Task statement
Output all of the data below without changing a word, and exclude the pictures.

Provided material
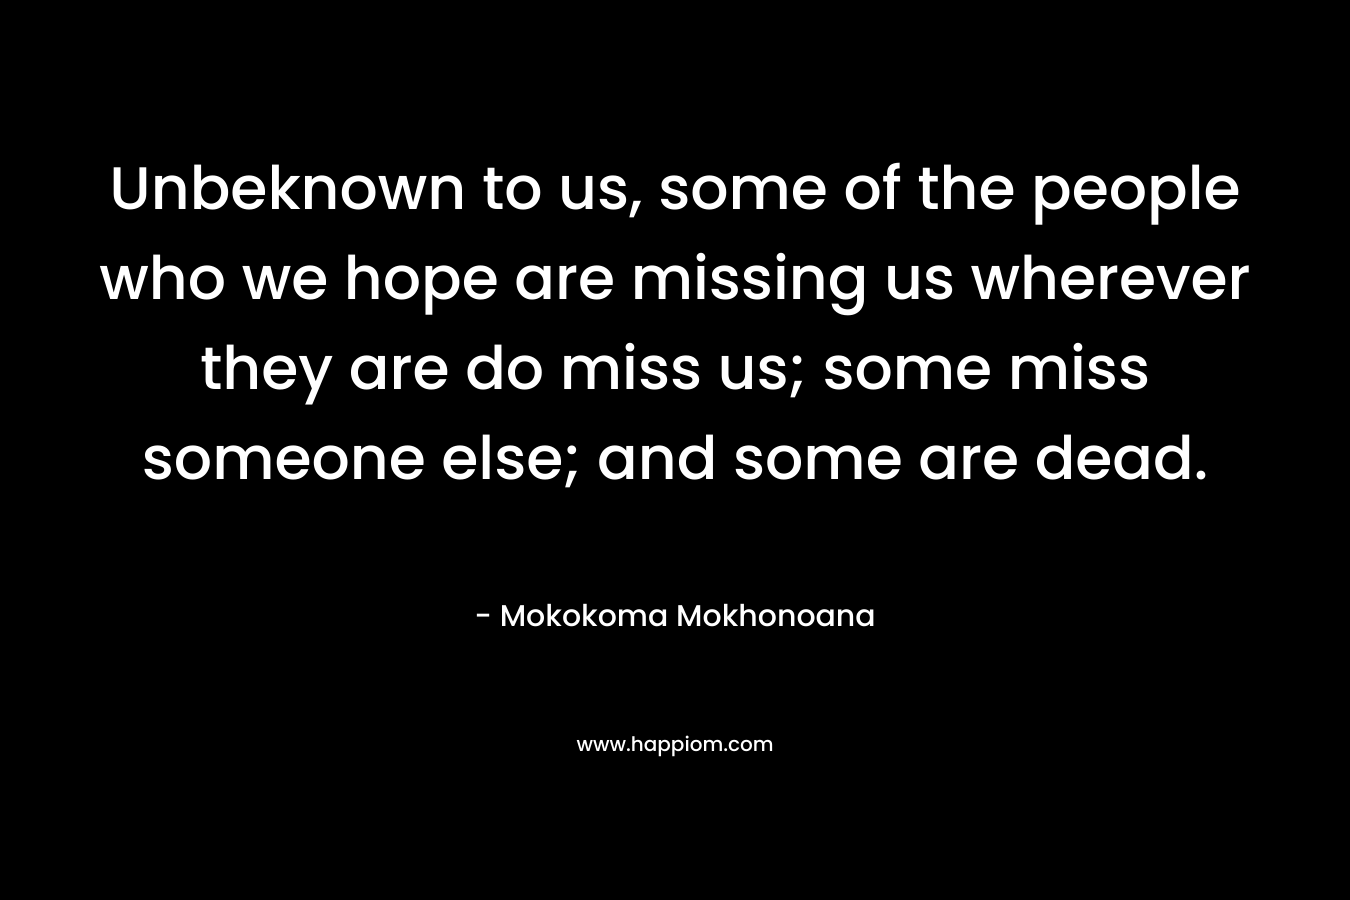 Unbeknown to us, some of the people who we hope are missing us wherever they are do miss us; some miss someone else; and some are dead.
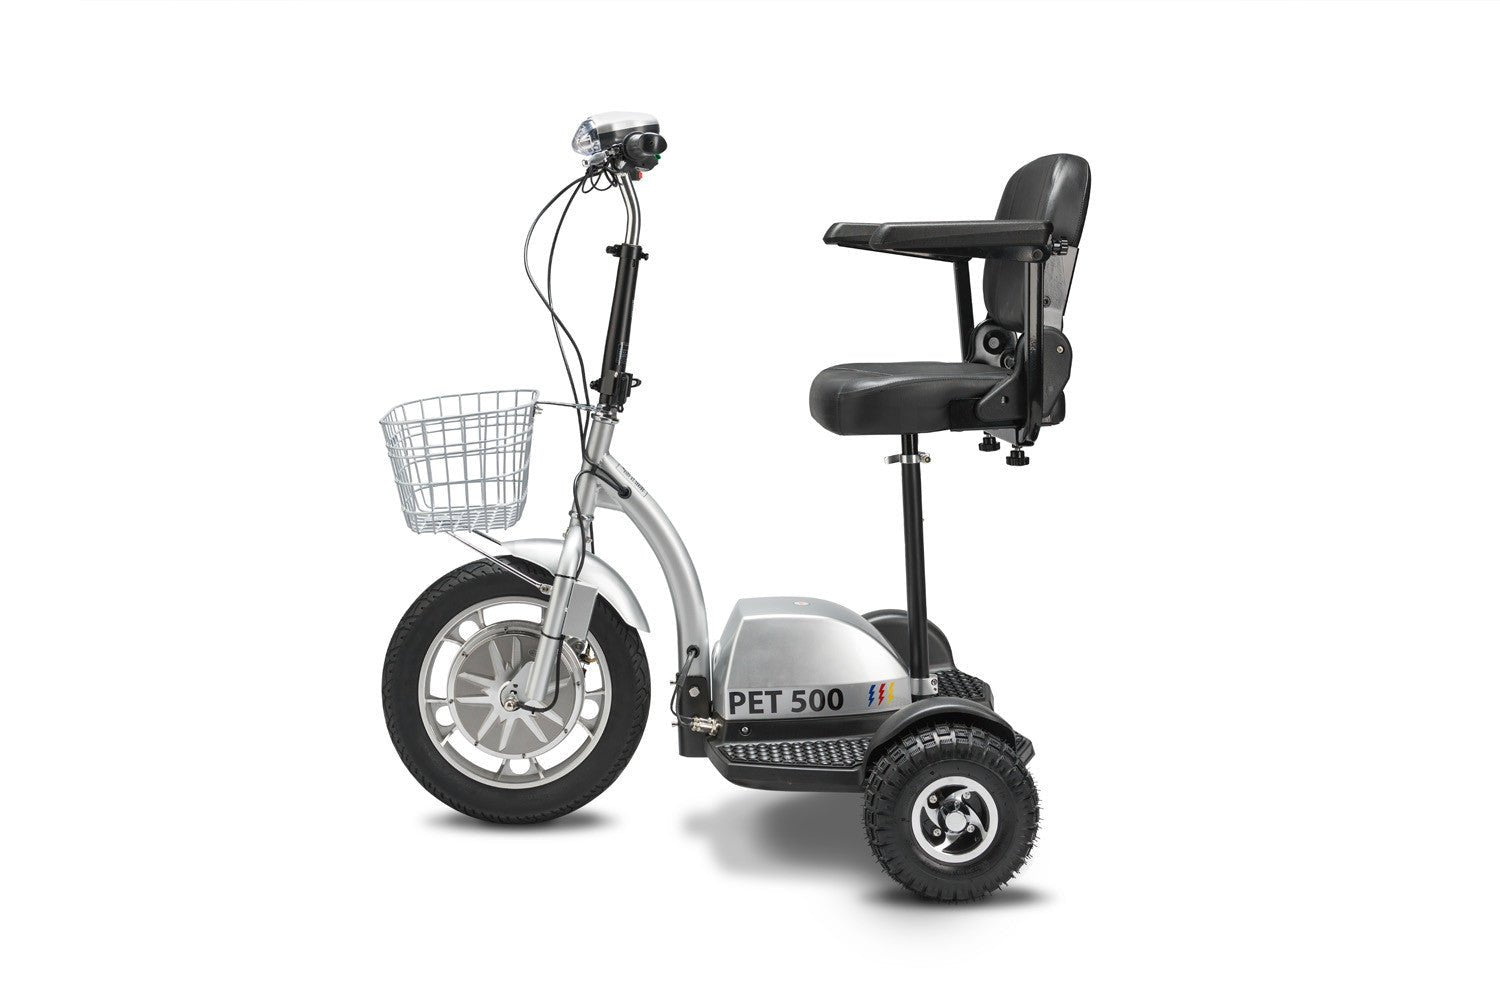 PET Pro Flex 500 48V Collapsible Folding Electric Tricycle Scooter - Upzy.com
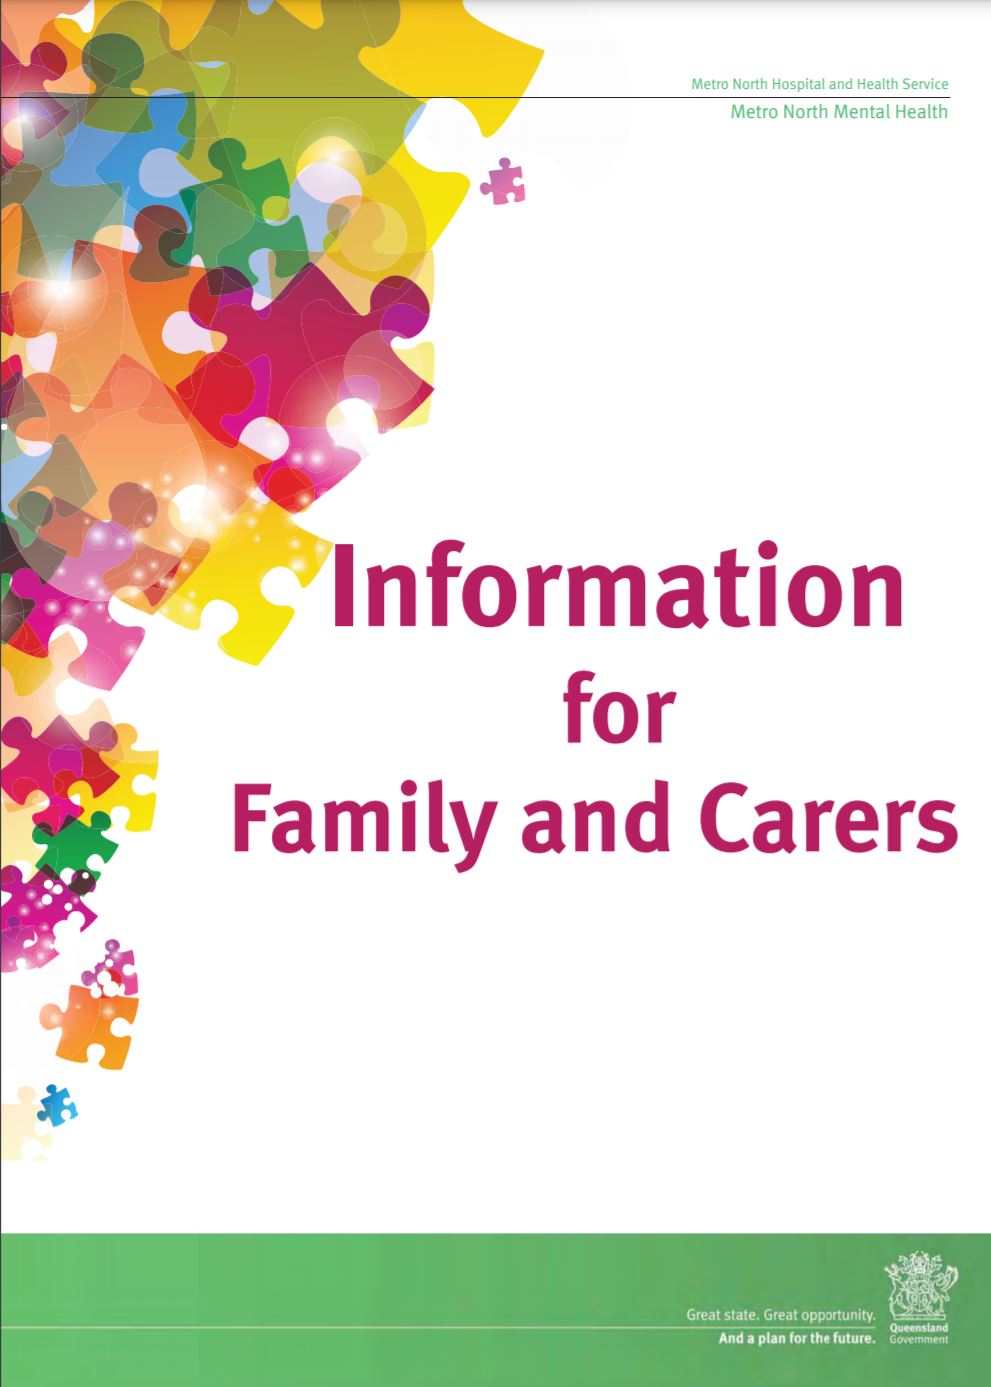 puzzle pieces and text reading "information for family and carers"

Response to this exercise
 Unbeknown to us, some of the people who we hope are missing us wherever they are do miss us; some miss someone else; and some are dead.
 PET Pro Flex 500 48V Collapsible Folding Electric Tricycle Scooter - Upzy.com
 puzzle pieces and text reading "information for family and carers"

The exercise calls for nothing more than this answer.